I giudici elvetici hanno argomentato che “l’origine delittuosa dei valori patrimoniali è probabile ma non manifesta, cosicché una restituzione anticipata all’Italia è esclusa”. Inoltre, dal momento che la legge "Salva Ilva" prevede il loro impiego per la sottoscrizione di obbligazioni da parte dell'azienda di Taranto, considera che i “beni patrimoniali sarebbero così sostituiti da titoli che non sarebbero equivalenti ma probabilmente spogliati di tutto il loro valore o con un valore ampiamente inferiore”.

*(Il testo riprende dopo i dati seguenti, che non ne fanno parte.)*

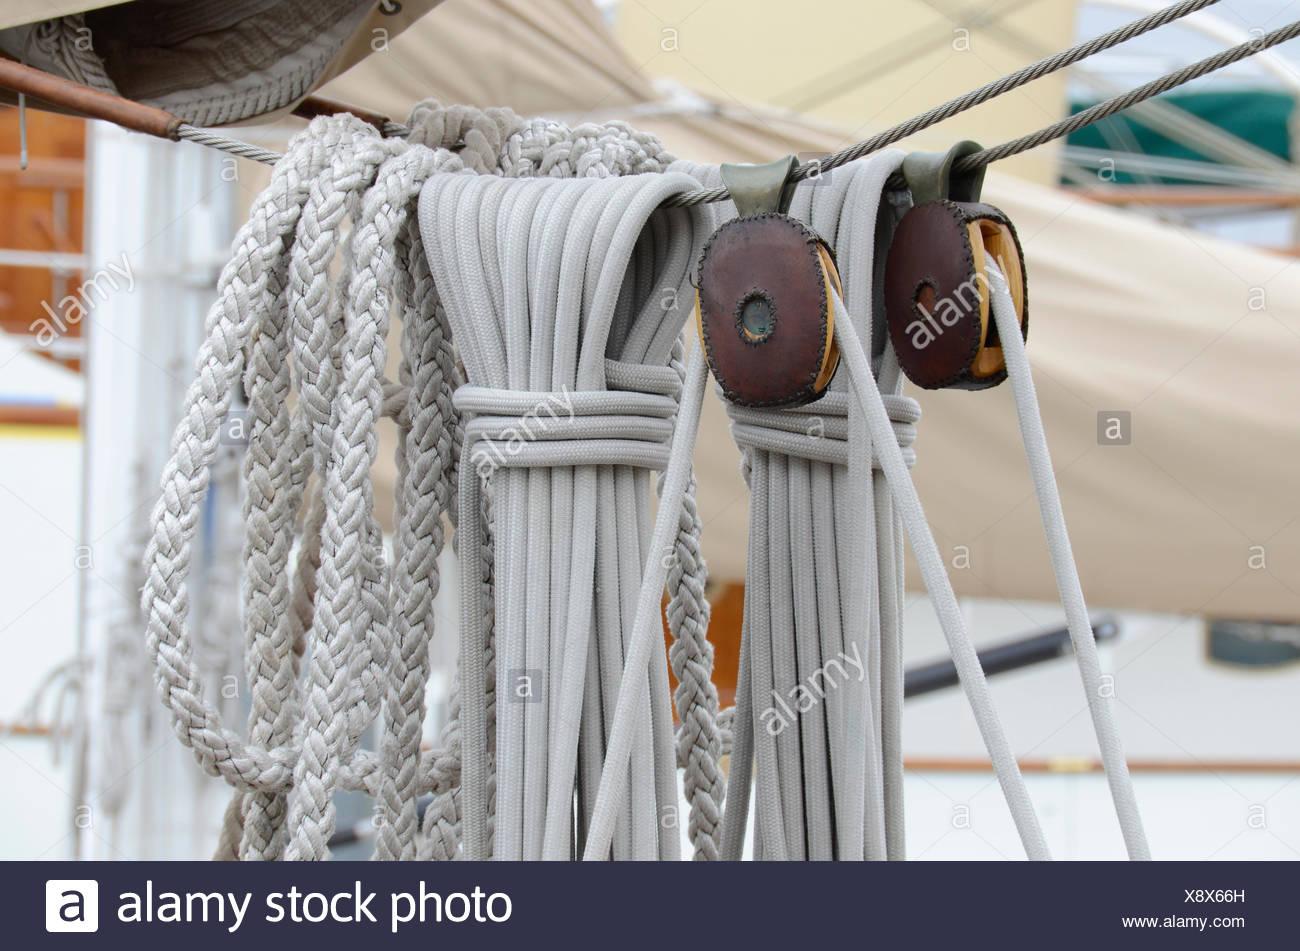 hardware, wood, leather, ropes, boating, pulley, hardware

La decisione del Tribunale Federale giunge sulla base di un ricorso presentato da due figlie di Emilio Riva. Di fatto questa pronuncia blocca l’esecuzione di importanti opere di risanamento ambientale necessarie per la conformità all’Autorizzazione integrata ambientale (Aia). L’ordinanza del gip milanese Fabrizio D'Arcangelo, che aveva individuato in quel miliardo e 172 milioni di euro una buona risorsa per il risanamento, era stata inoltrata dalla Procura di Milano a quella di Zurigo, che a sua volta aveva dato il suo benestare al rientro del denaro in Italia e aveva notificato il provvedimento alla banca Ubs di Lugano, dove la somma tutt’ora si trova.
Adesso solamente la Procura di Zurigo potrà fare ricorso entro 10 giorni contro la decisione del Tribunale Federale di Bellinzona. Una decisione amara per i tarantini che vedono ogni giorno di più frustrate le loro speranze di convivere con un’industria ecosostenibile.